**DATASET RECORDS**
-----

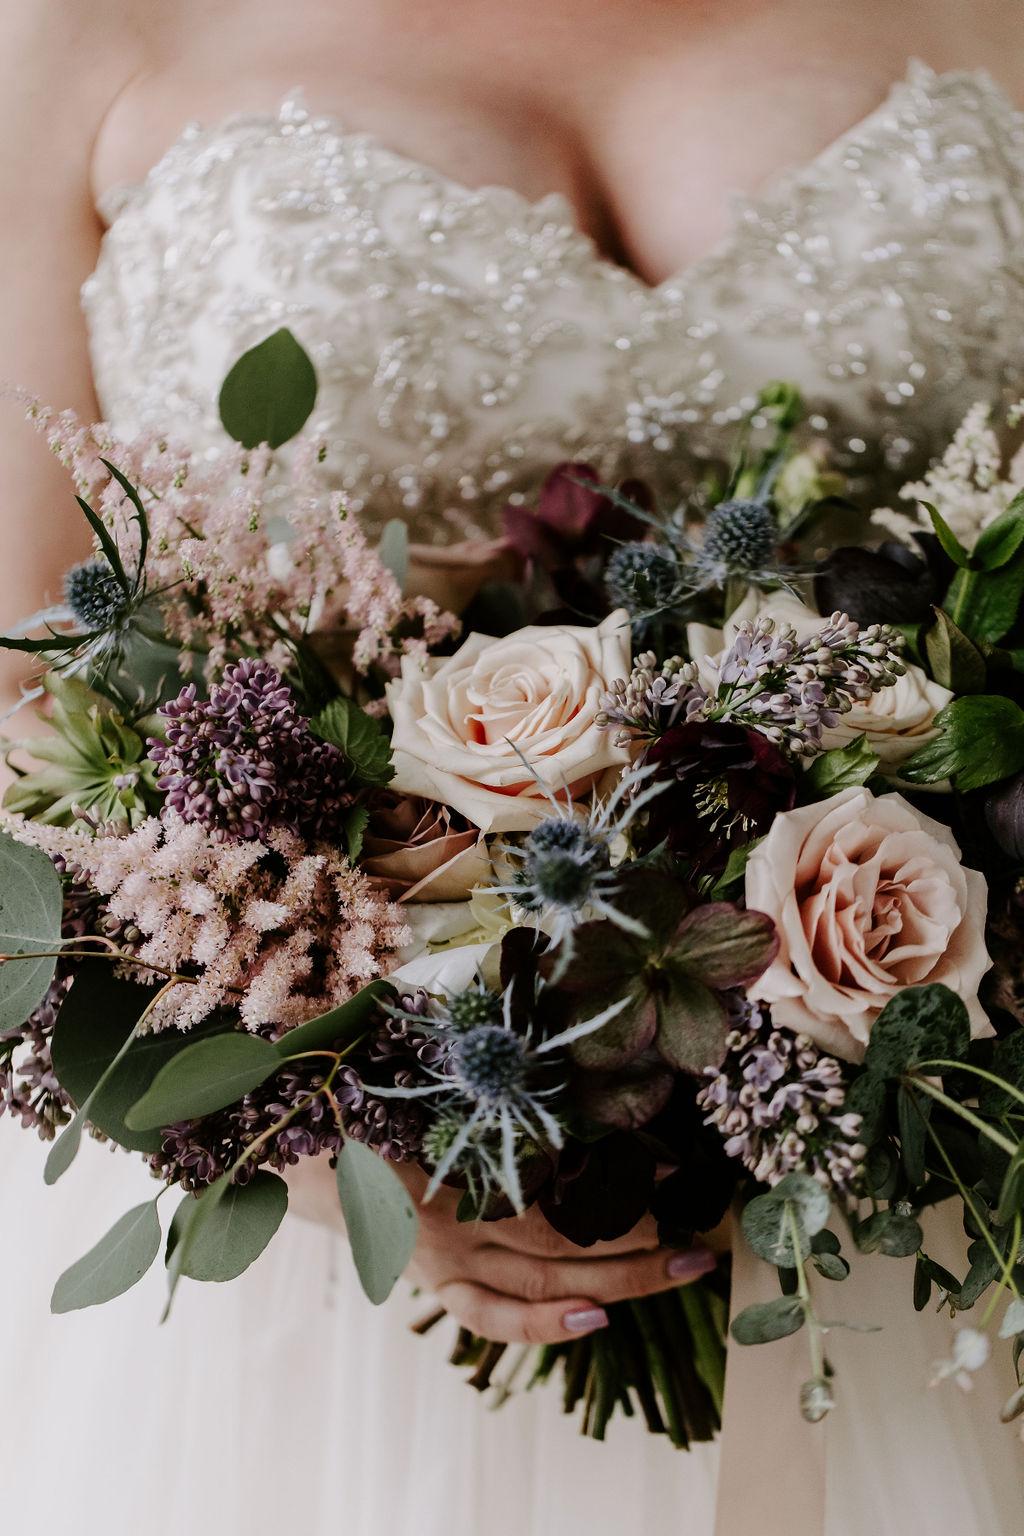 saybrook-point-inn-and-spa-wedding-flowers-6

-----

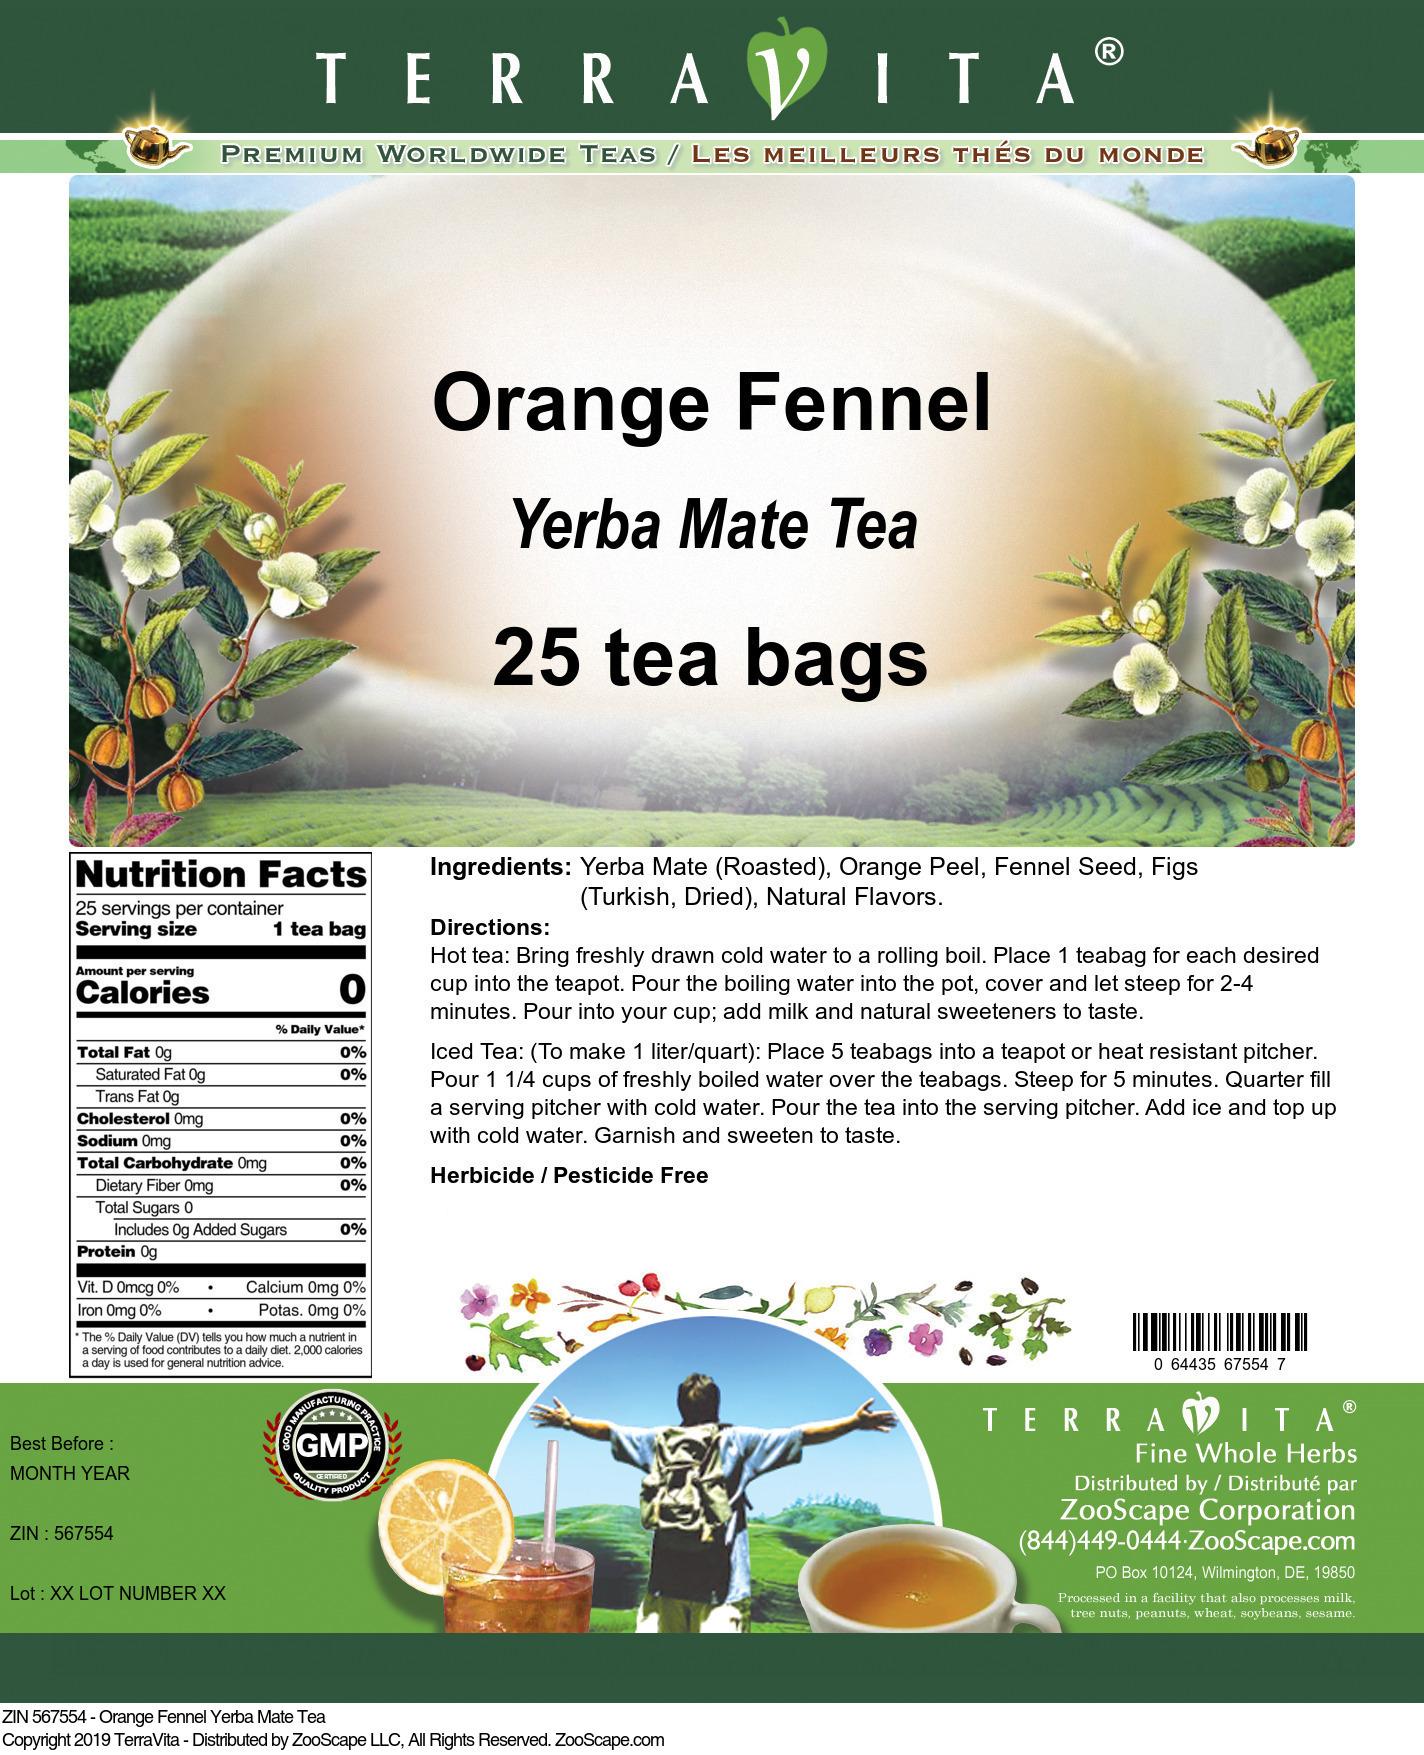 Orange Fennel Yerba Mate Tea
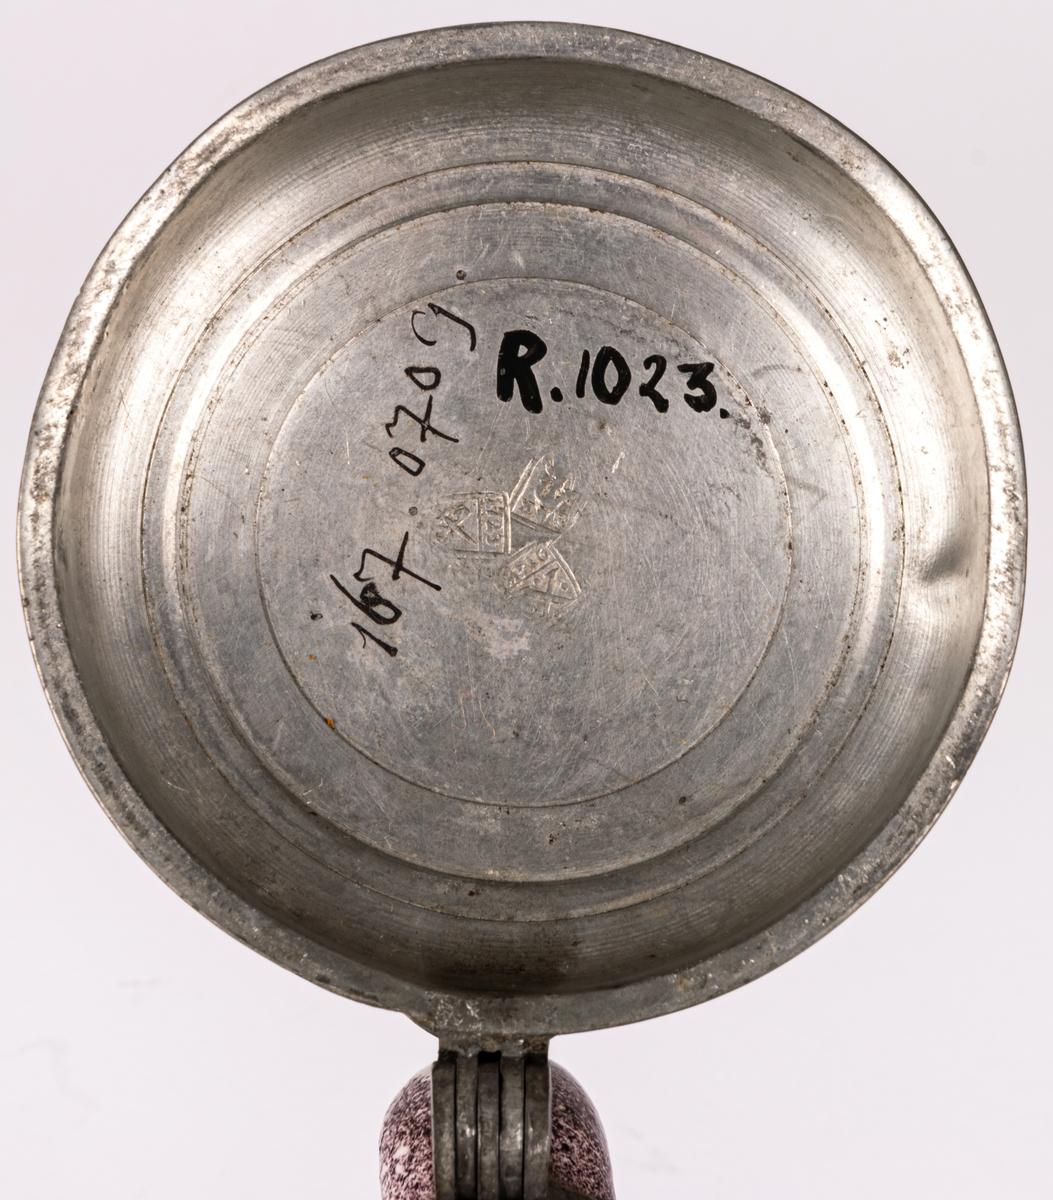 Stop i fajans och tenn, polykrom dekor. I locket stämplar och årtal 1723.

-----

**INSTRUCTIONS FOR THE TASK**
Whatever pictures the records hold, omit them; give again exactly the lines from the one containing "Orange Fennel Yerba Mate Tea" through the one containing "Stop i fajans".

**FINISHED EXERCISE**
 Orange Fennel Yerba Mate Tea
 Stop i fajans och tenn, polykrom dekor. I locket stämplar och årtal 1723.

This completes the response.